▶ COLLECTED DATA:
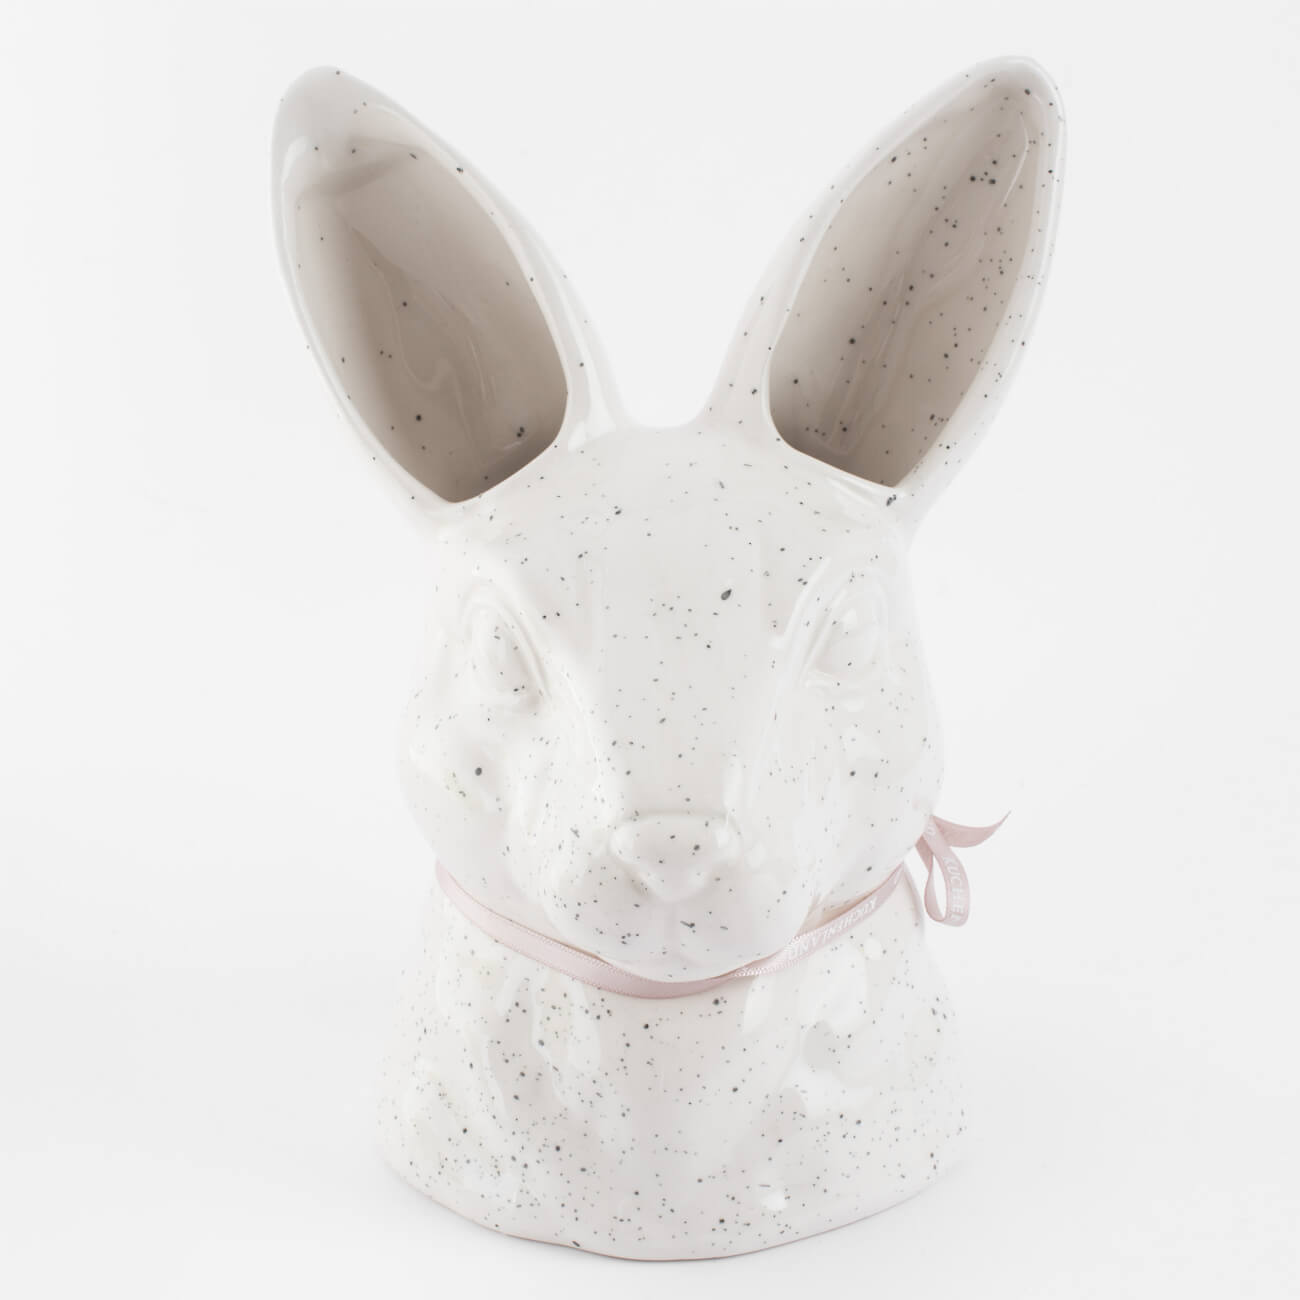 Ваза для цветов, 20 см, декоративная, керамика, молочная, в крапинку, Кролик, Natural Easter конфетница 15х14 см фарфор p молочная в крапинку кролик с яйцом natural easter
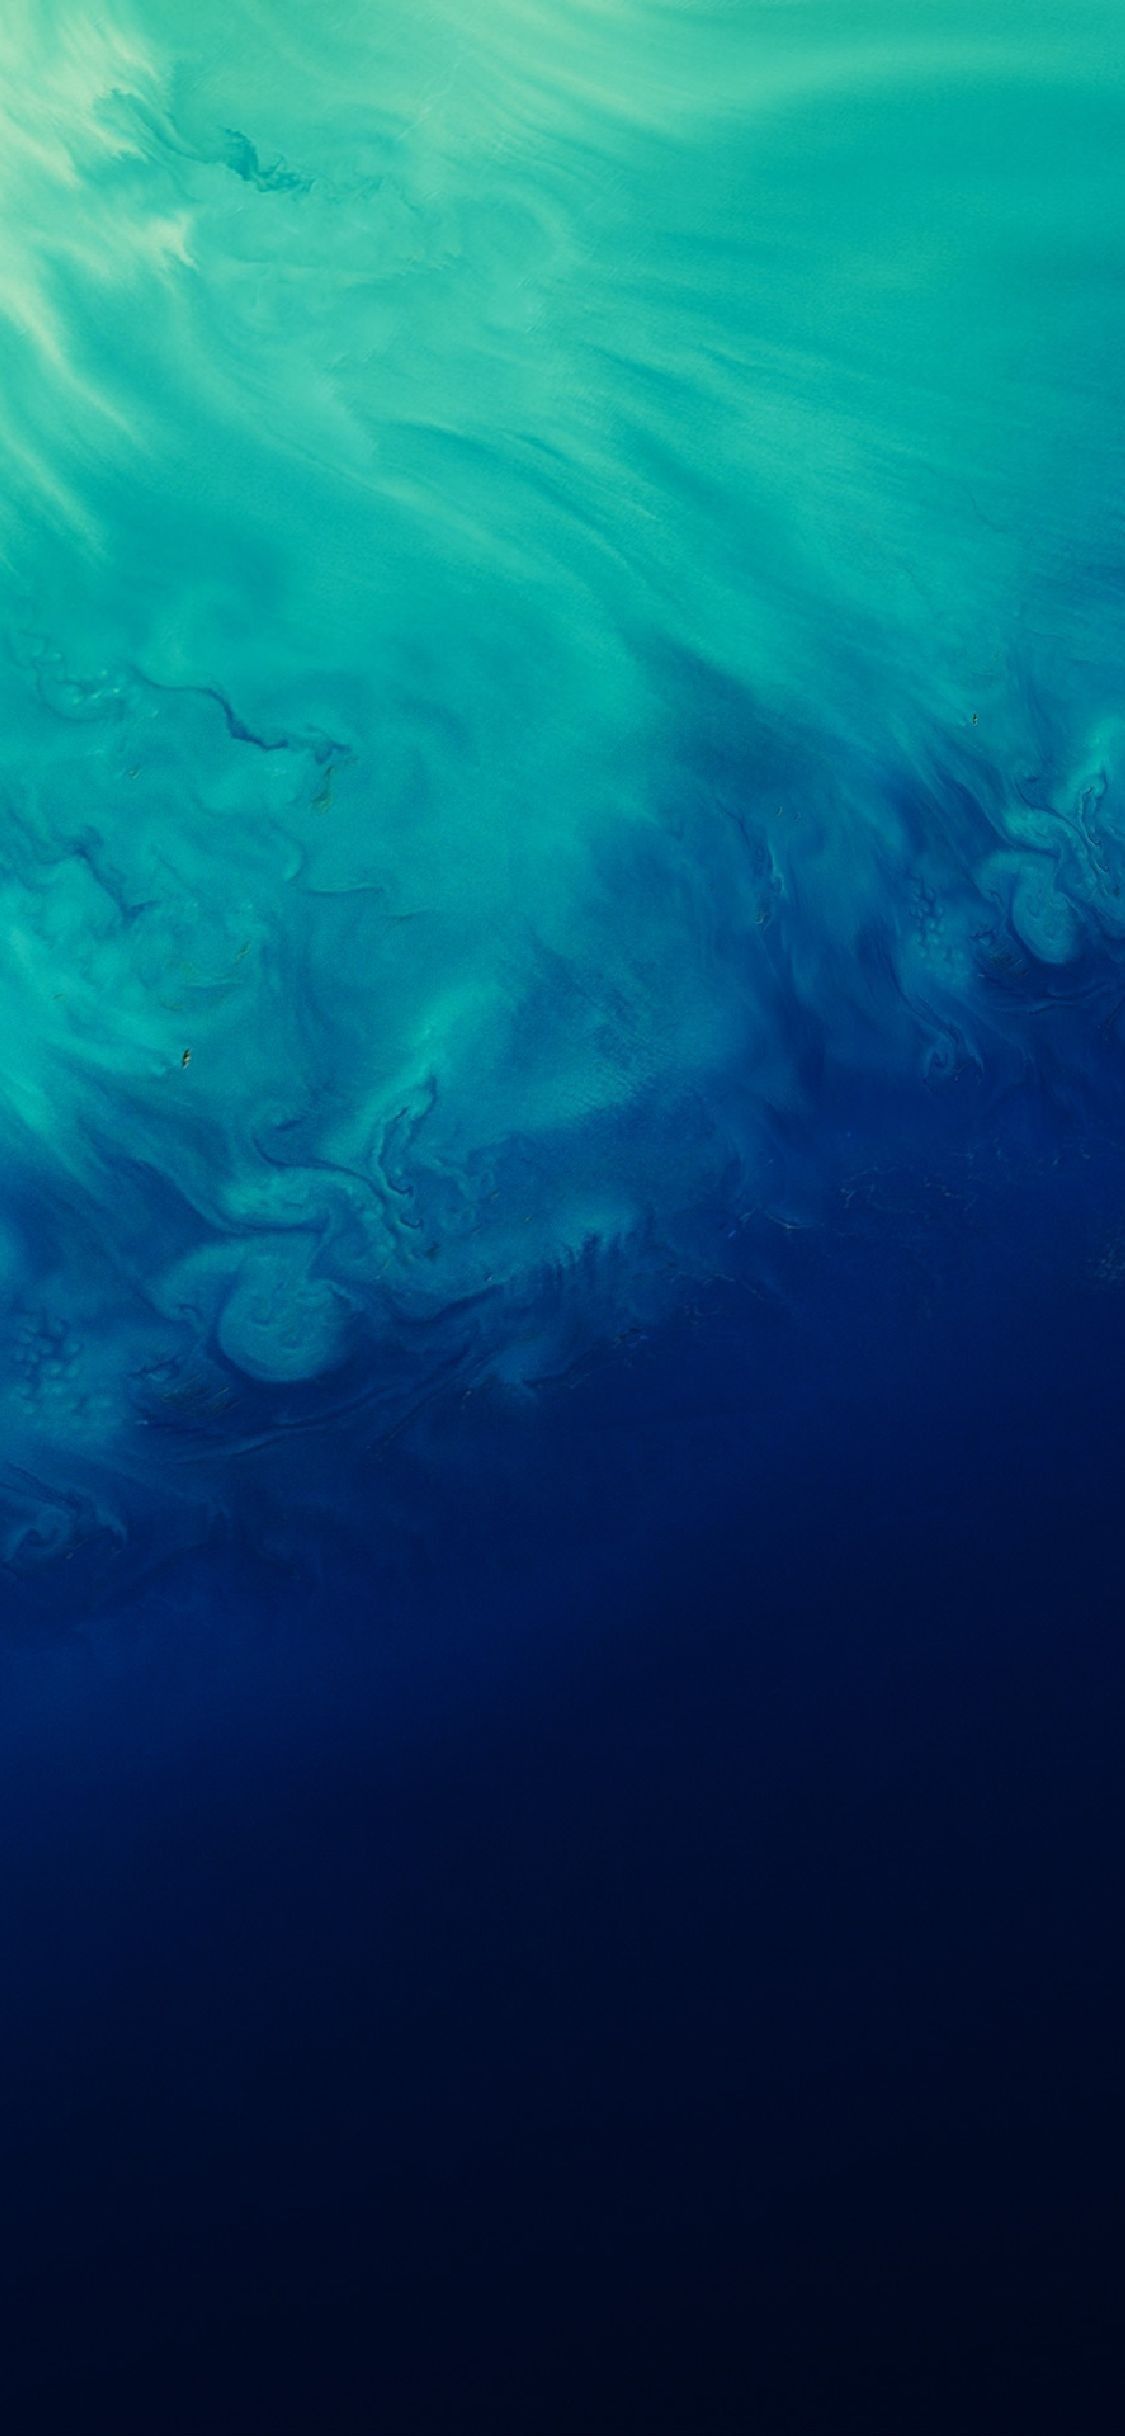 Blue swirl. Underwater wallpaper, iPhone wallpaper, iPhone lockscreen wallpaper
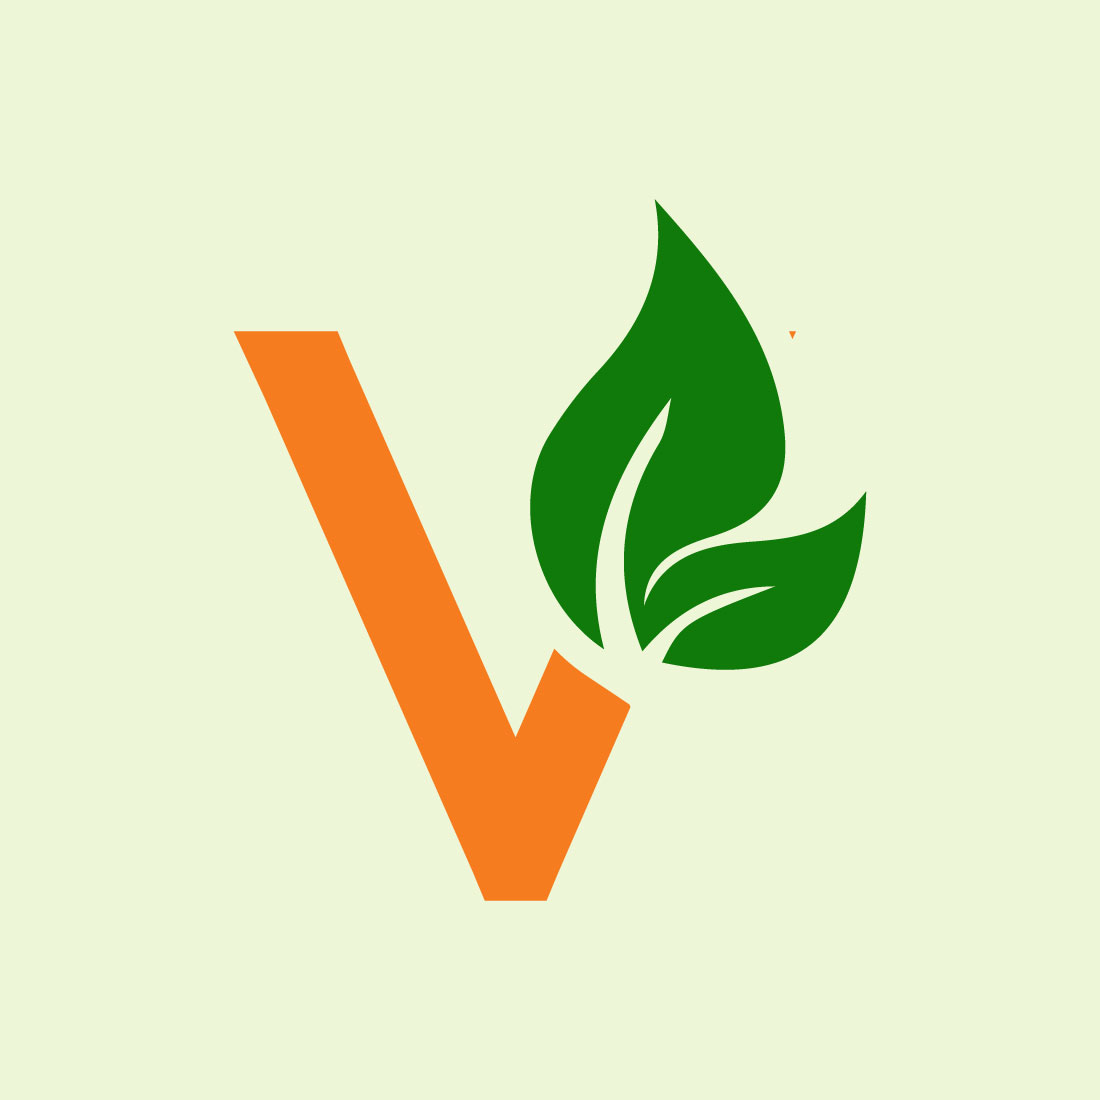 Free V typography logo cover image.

▶ TO DO: None of the pictures should be reproduced; all other material above must be set down exactly.

▶ YOUR SOLUTION:
 Ваза для цветов, 20 см, декоративная, керамика, молочная, в крапинку, Кролик, Natural Easter конфетница 15х14 см фарфор p молочная в крапинку кролик с яйцом natural easter
 Blue swirl. Underwater wallpaper, iPhone wallpaper, iPhone lockscreen wallpaper
 Free V typography logo cover image.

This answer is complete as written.